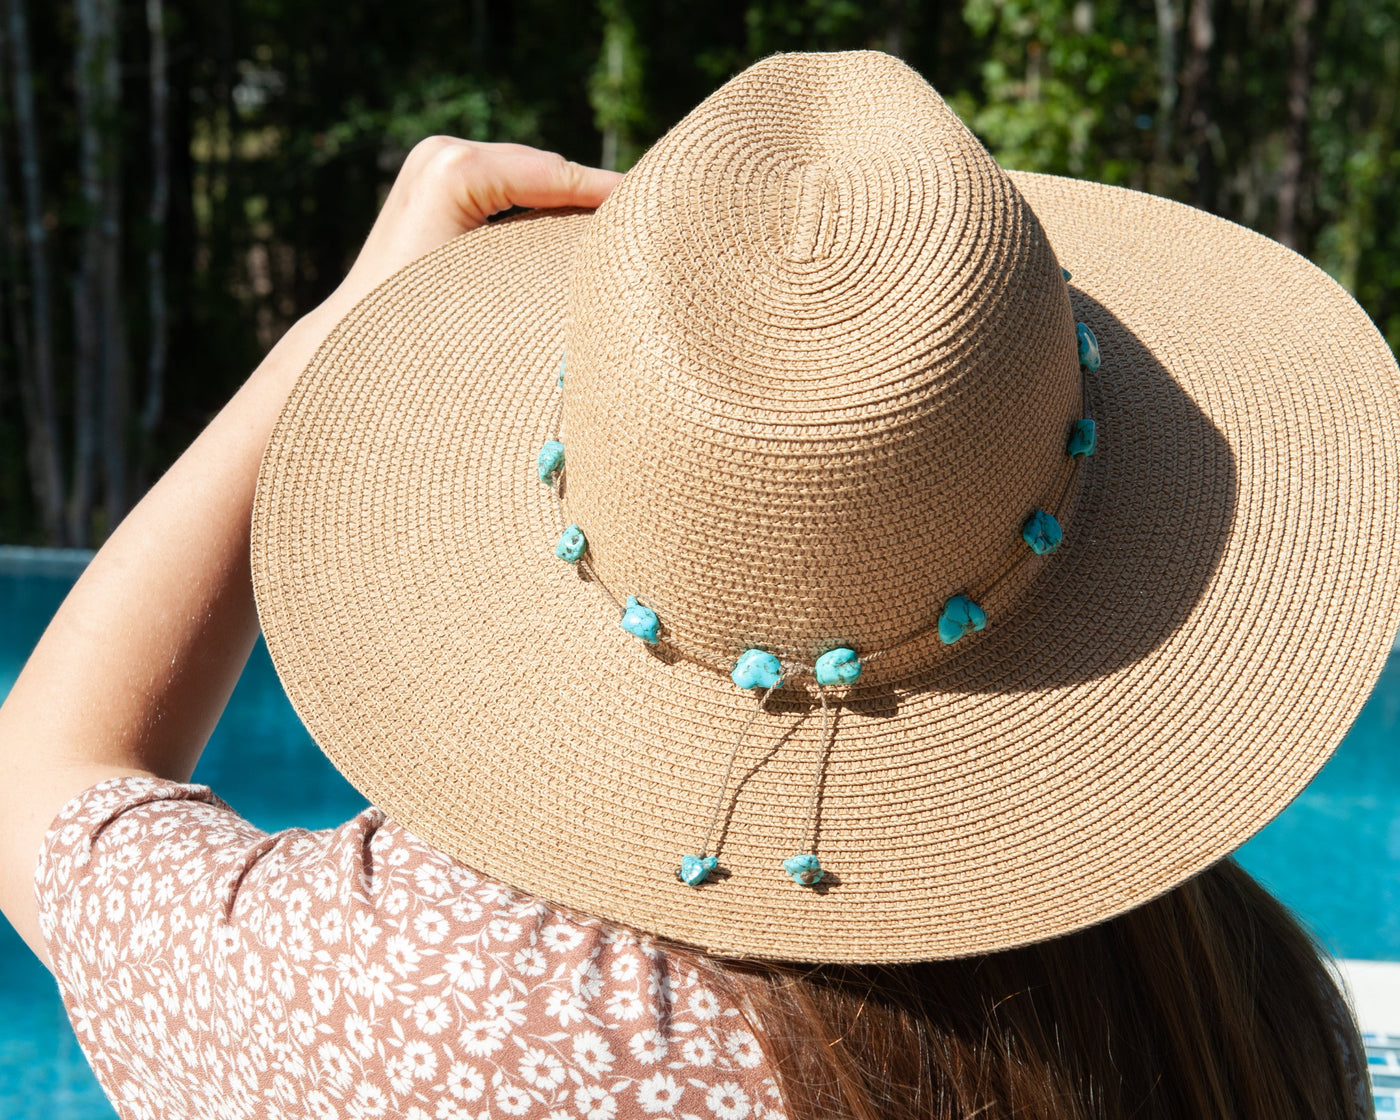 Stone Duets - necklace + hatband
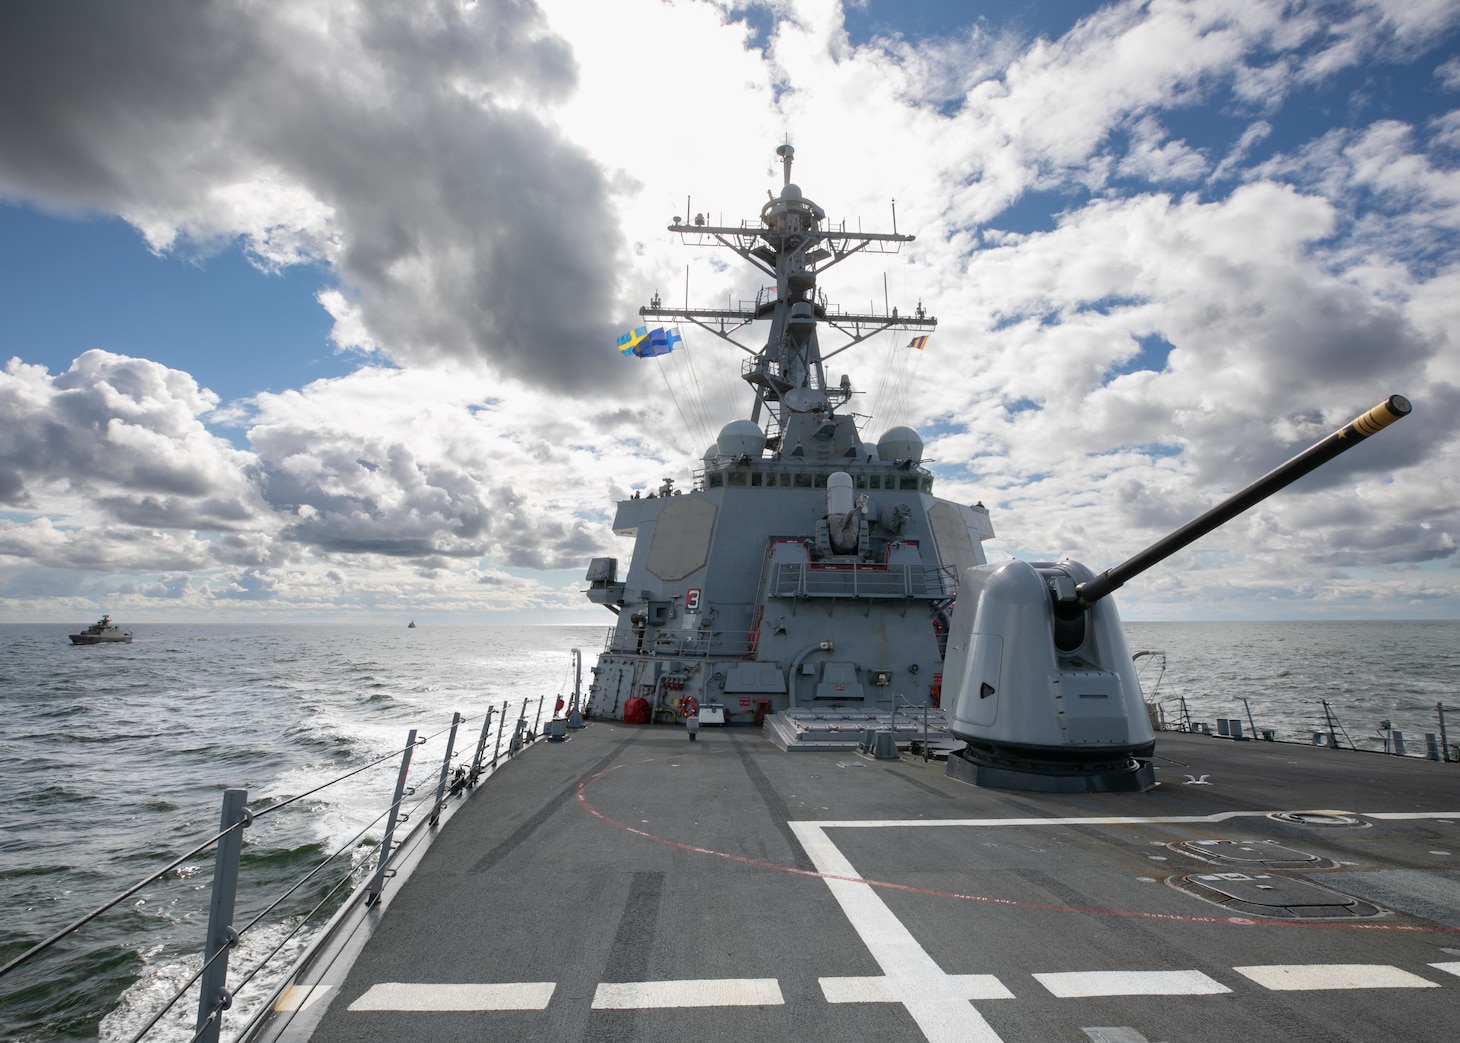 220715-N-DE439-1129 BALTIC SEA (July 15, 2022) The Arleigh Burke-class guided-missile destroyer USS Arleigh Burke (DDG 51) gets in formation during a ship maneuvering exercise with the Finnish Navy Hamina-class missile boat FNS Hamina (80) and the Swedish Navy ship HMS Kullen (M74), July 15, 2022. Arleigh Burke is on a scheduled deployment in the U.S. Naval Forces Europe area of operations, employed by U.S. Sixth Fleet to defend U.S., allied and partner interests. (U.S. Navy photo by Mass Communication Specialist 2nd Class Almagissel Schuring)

...

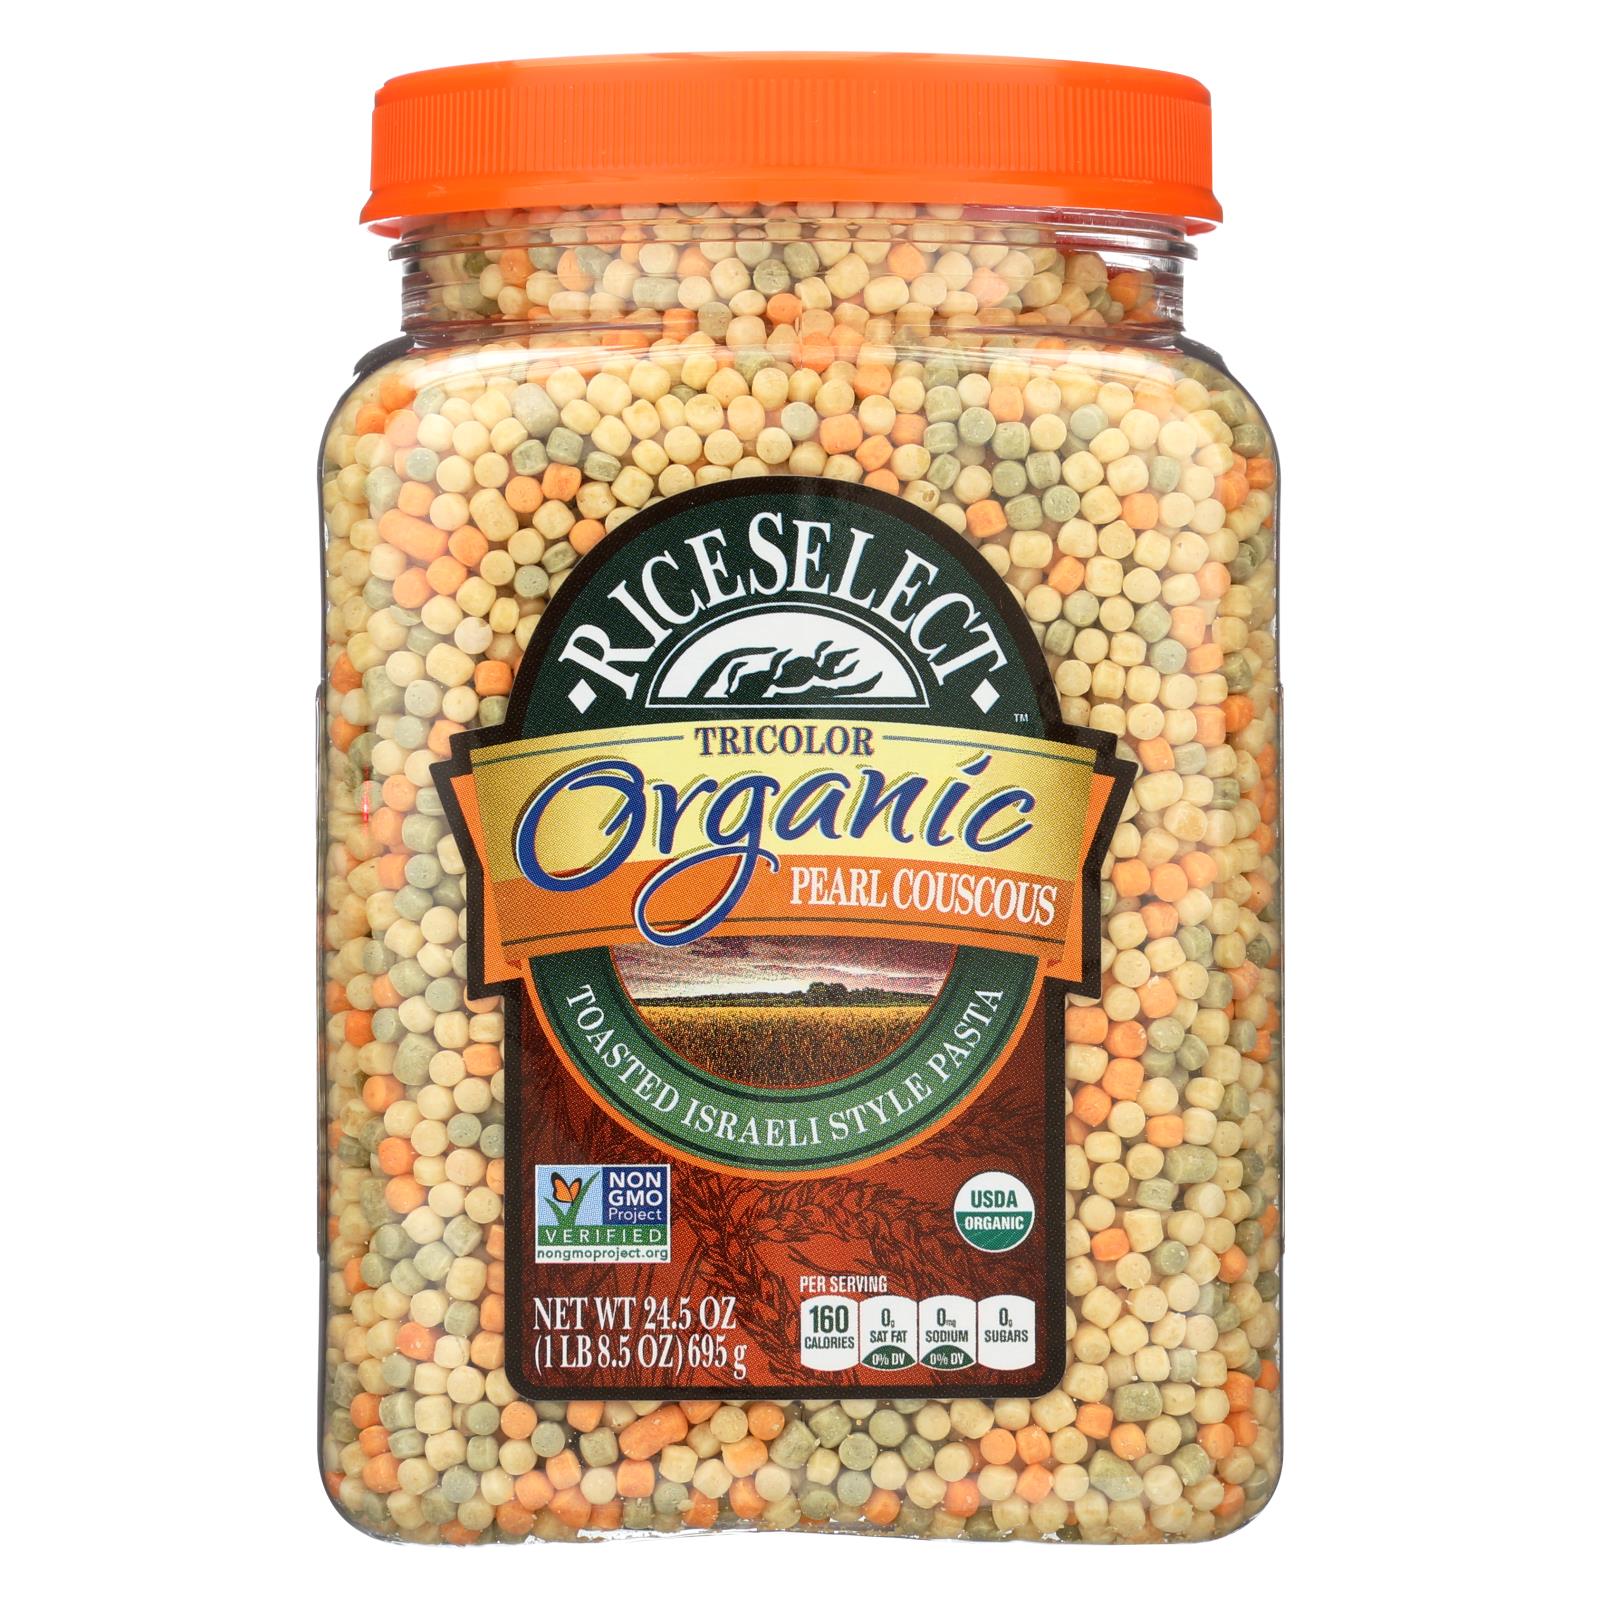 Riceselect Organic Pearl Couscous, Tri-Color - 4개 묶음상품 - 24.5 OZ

==

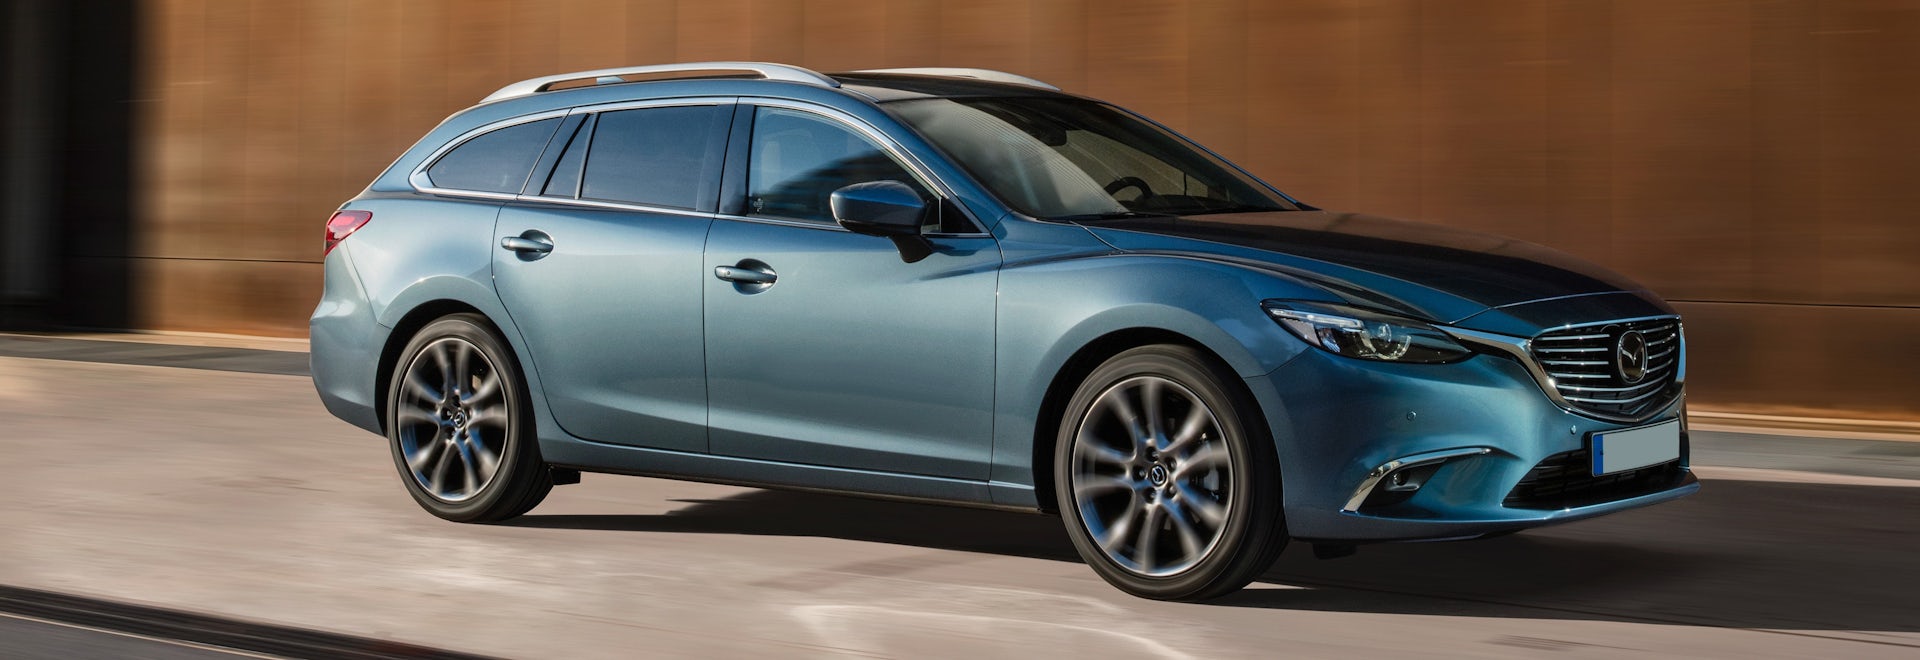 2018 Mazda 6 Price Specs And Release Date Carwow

### REQUIREMENT
In the listing above, find the line containing "Stone Duets - necklace + hatband" and the line containing "220715-N-DE439-1129 BALTIC SEA". Print those two lines and every line between them exactly, with no pictures.

### SOLUTION TO THIS TASK
 Stone Duets - necklace + hatband
 220715-N-DE439-1129 BALTIC SEA (July 15, 2022) The Arleigh Burke-class guided-missile destroyer USS Arleigh Burke (DDG 51) gets in formation during a ship maneuvering exercise with the Finnish Navy Hamina-class missile boat FNS Hamina (80) and the Swedish Navy ship HMS Kullen (M74), July 15, 2022. Arleigh Burke is on a scheduled deployment in the U.S. Naval Forces Europe area of operations, employed by U.S. Sixth Fleet to defend U.S., allied and partner interests. (U.S. Navy photo by Mass Communication Specialist 2nd Class Almagissel Schuring)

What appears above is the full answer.